Хедешхалом! Символ минувших десятилетий: In hoc signo vinces3 – при выезде; и – "Оставь надежду, всяк сюда сходящий", "Труд – дело чести, доблести и геройства", "Труд освобождает человека" – лозунги при въезде. Но как реальность, как населенный пункт, как железнодорожная станция – просто пыльная, зачуханная дыра. Я уныло тороплюсь следом за серыми униформами. Затем сижу в голом зале с белеными стенами, дальнюю часть которого вдоль и поперек разделяют какие-то барьеры непонятного для меня назначения. Я тут не один: вместе со мной с поезда сняли еще одного пассажира: это крупный мужчина неопределенного возраста, с большим животом, тоскливо вываливающимся на колени между поясным ремнем и вздернувшимся пуловером; серая рубашка, серая куртка, серые брюки, разжиревшее, без особых примет лицо, запотевшие очки, за которыми ничего не видно, тем более – взгляда.

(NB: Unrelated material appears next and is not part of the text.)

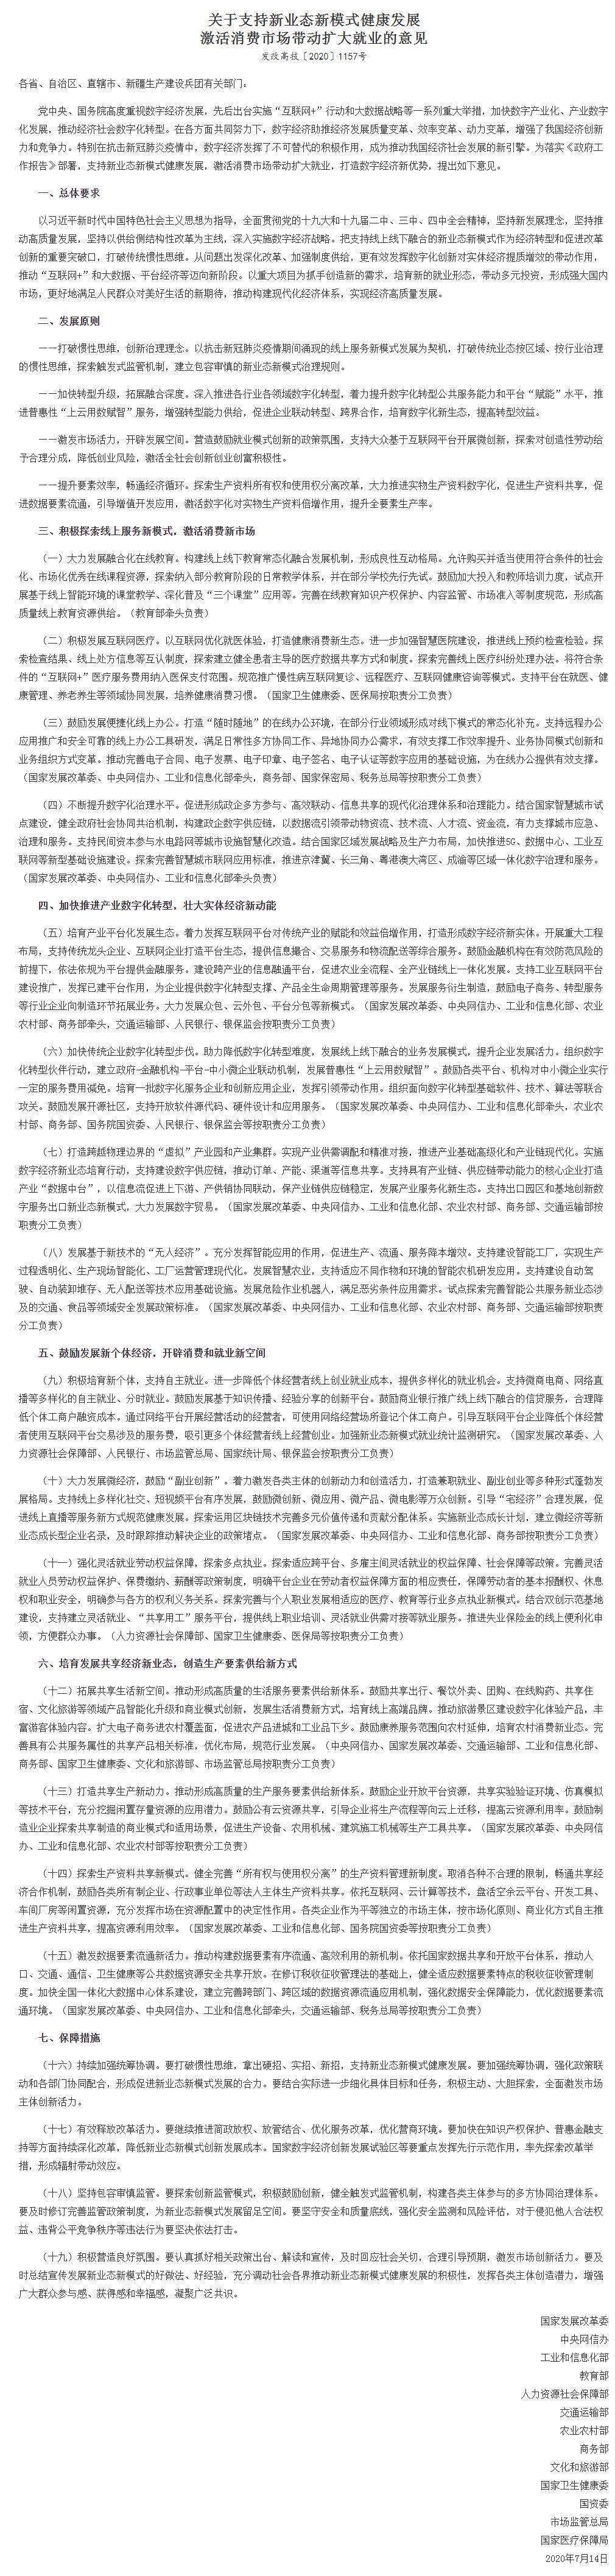 商务部、中央网信办等13部门联合发文: 加快推进产业数字化转型
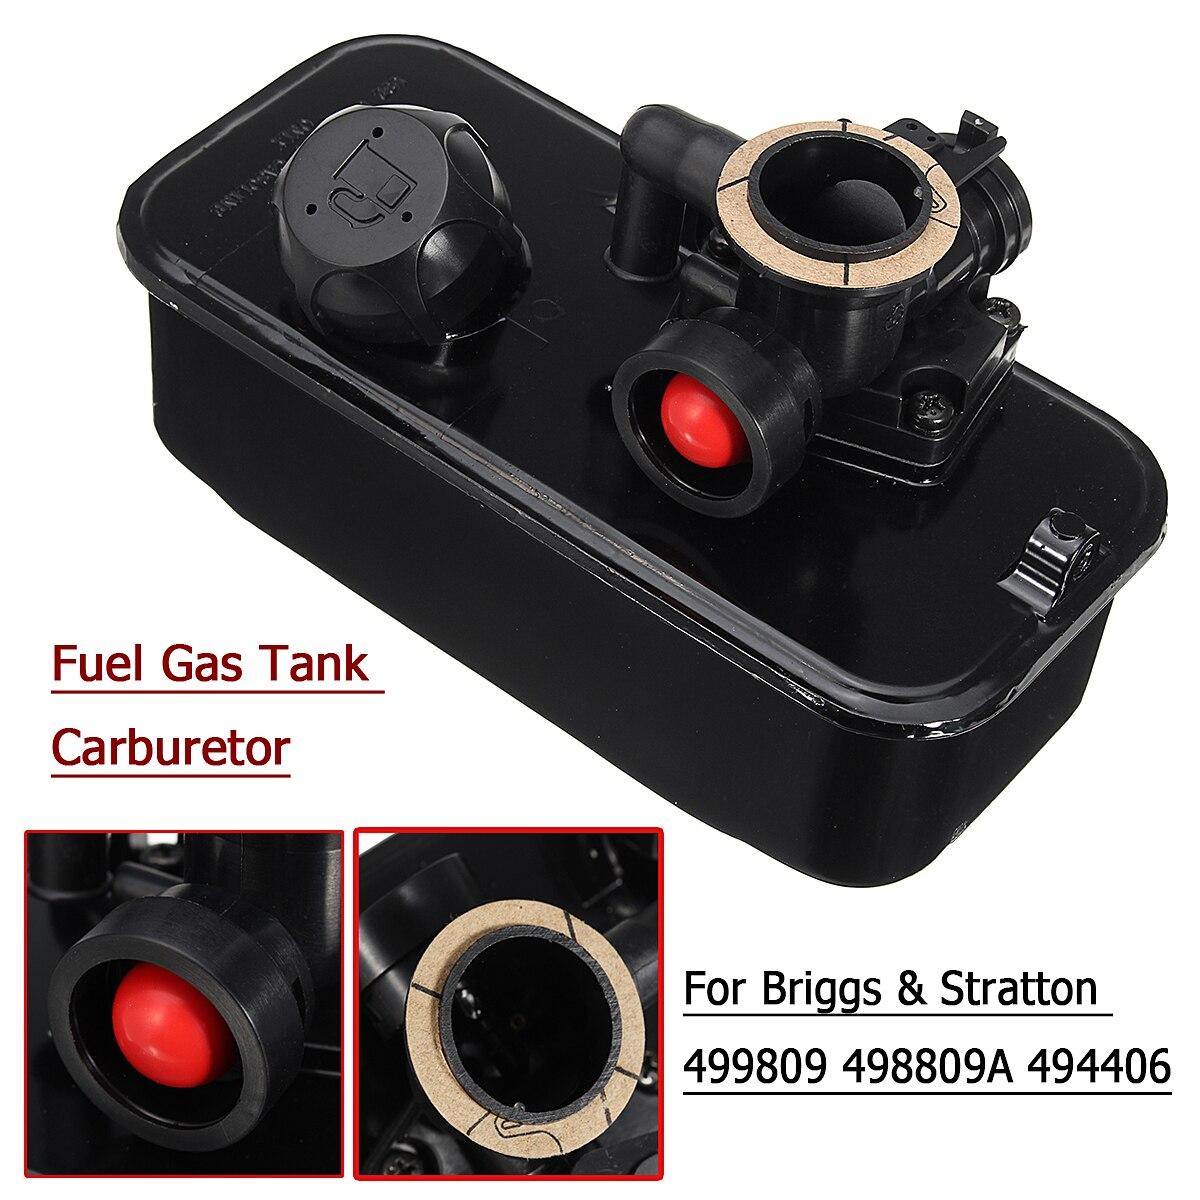 Fuel Gas Tank Mower Carburetor Carb for Briggs & Stratton 499809 498809A 494406

Когда на него составляют протокол, я слышу, как на вопрос о профессии он дает какой-то невнятный ответ: "заведующий отделом". Он сопит, вздыхает, откашливается, иногда очки его косятся на меня, он явно пытается поймать мой взгляд: все напрасно, я не обращаю на него внимания, не считаю его товарищем по несчастью, не желаю признавать общность судьбы, на его историю мне глубоко наплевать. Весьма сожалею. Нет во мне любви к ближнему. При всем том я не могу не видеть, как подобострастен он к начальству, с какой готовностью подписывает все, что перед ним кладут. Его вызывают, он уходит, через некоторое время возвращается. Дверь он оставляет открытой. В нетопленом помещении гуляют ледяные сквозняки; в раскрытую дверь врывается туча бензиновой вони: рядом, на путях, елозит туда-сюда маневровый дизельный тепловозик. Я прошу соседа закрыть дверь. Он закрывает, но не на защелку, и сквозняк снова распахивает ее. Ногой я как раз достаю до двери и с треском захлопываю. Не очень изысканно, согласен; но что-то вокруг я не замечаю слишком уж много изысканности. Вижу, завотделом обиделся на меня. Моя грубость, пожалуй, может бросить неблагоприятный свет и на него, и он спешить отделить себя от меня. Что случилось, то случилось, дергаться теперь ни к чему, говорит он с упреком. Я отвечаю, что и не думаю дергаться, однако наказание вряд ли включает в себя необходимость сидеть на сквозняке и дышать бензиновой гарью.